Single by Red Hot Chili Peppers

from the album Californication
- B-side: "How Strong"
- Released: December 1999
- Genre: Alternative rock
- Length: 4:15
- Label: Warner Bros.
- Songwriters: Flea; John Frusciante; Anthony Kiedis; Chad Smith;
- Producer: Rick Rubin

Red Hot Chili Peppers singles chronology
| "Around the World" (1999) | "Otherside" (1999) | "Californication" (2000) |

Music video
- "Otherside" on YouTube

= Otherside =

1999 single by Red Hot Chili Peppers

"Otherside" is a song by American rock band Red Hot Chili Peppers. It was released as the third single from their seventh studio album, Californication (1999), and confronts the battles addicts have with their prior addictions. Lead vocalist Anthony Kiedis wrote the song about former band member Hillel Slovak, who died of a heroin overdose in 1988.

"Otherside" was released in Australia, New Zealand, and Japan in 1999 and was given a US and UK release in January 2000. The song peaked at number 14 on the US Billboard Hot 100 and number one on the Billboard Modern Rock Tracks chart, giving the band their fifth number one on this chart. It remained at number one for 13 consecutive weeks, one of the longest runs at the top of that chart. In Iceland, it became the second single from the album to reach number one, while in New Zealand, it charted at number five.

==Music video==
The video was directed by Jonathan Dayton and Valerie Faris in a black-and-white/monochrome Gothic style similar to Robert Wiene's The Cabinet of Dr. Caligari, all influenced by German Expressionist art. Elements of Cubism and work by the graphic artist M. C. Escher are also seen in the video.

A cartoonish story line is juxtaposed upon the song; that of a young man's dream sequence. The band members appear dressed in black in unusual locations, with props intended to appear as surreal instruments. Throughout the video Anthony Kiedis with short, platinum hair is seen in a castle tower. His stage persona is different and quite dark when compared to his more energetic performances in other videos. John Frusciante plays a rope down a long corridor as if a guitar. Flea is hanging on high voltage wires and playing them as if they were a bass guitar, and Chad Smith is up on a tower with a rotating medieval clock that serves as his drum kit.

Jonathan Dayton: "We did look at Caligari, and we looked at a lot of German Expressionist film. But it was also very important to avoid 'Caligari.' It was both inspiration and something to work around, because it has such a strong, specific style, and there have been other videos that have completely ripped it off."

Valerie Faris: "We didn't look at 'Calagari' all that much, really.
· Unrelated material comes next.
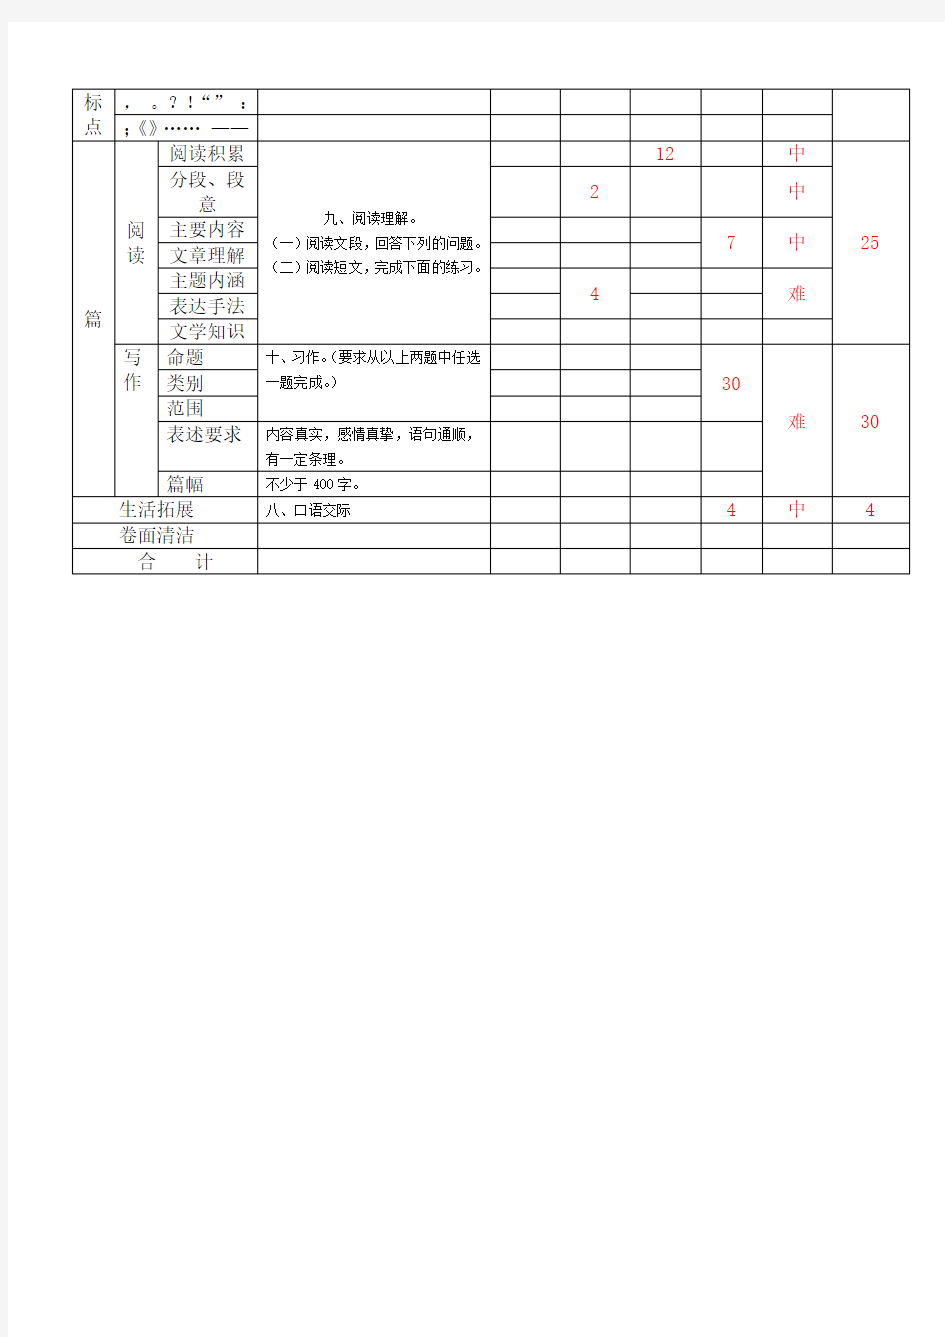 (完整版)小学语文期末考试命题双向细目表(1)

We did, but then we just left it. We did look at a lot of the works of the futurist artists from the '30s, and the illustrations of the surrealists and from cubism. We were inspired more by paintings than by films…"

==Reception==
"Otherside" is widely considered to be one of the band's best songs. In 2021, Kerrang ranked the song number five on their list of the 20 greatest Red Hot Chili Peppers songs, and in 2022, Rolling Stone ranked the song number six on their list of the 40 greatest Red Hot Chili Peppers songs.

==Live performances==
"Otherside" has remained a constant staple on the band's tours since 1999, making it one of their top ten most performed songs.

==Remixes==

In 2009, Seattle producer Ryan Lewis sampled the song as a backdrop for his song of the same name with the rapper Macklemore. The song depicted Macklemore's own personal struggles as well as the wider problems that the hip hop community has with drug abuse.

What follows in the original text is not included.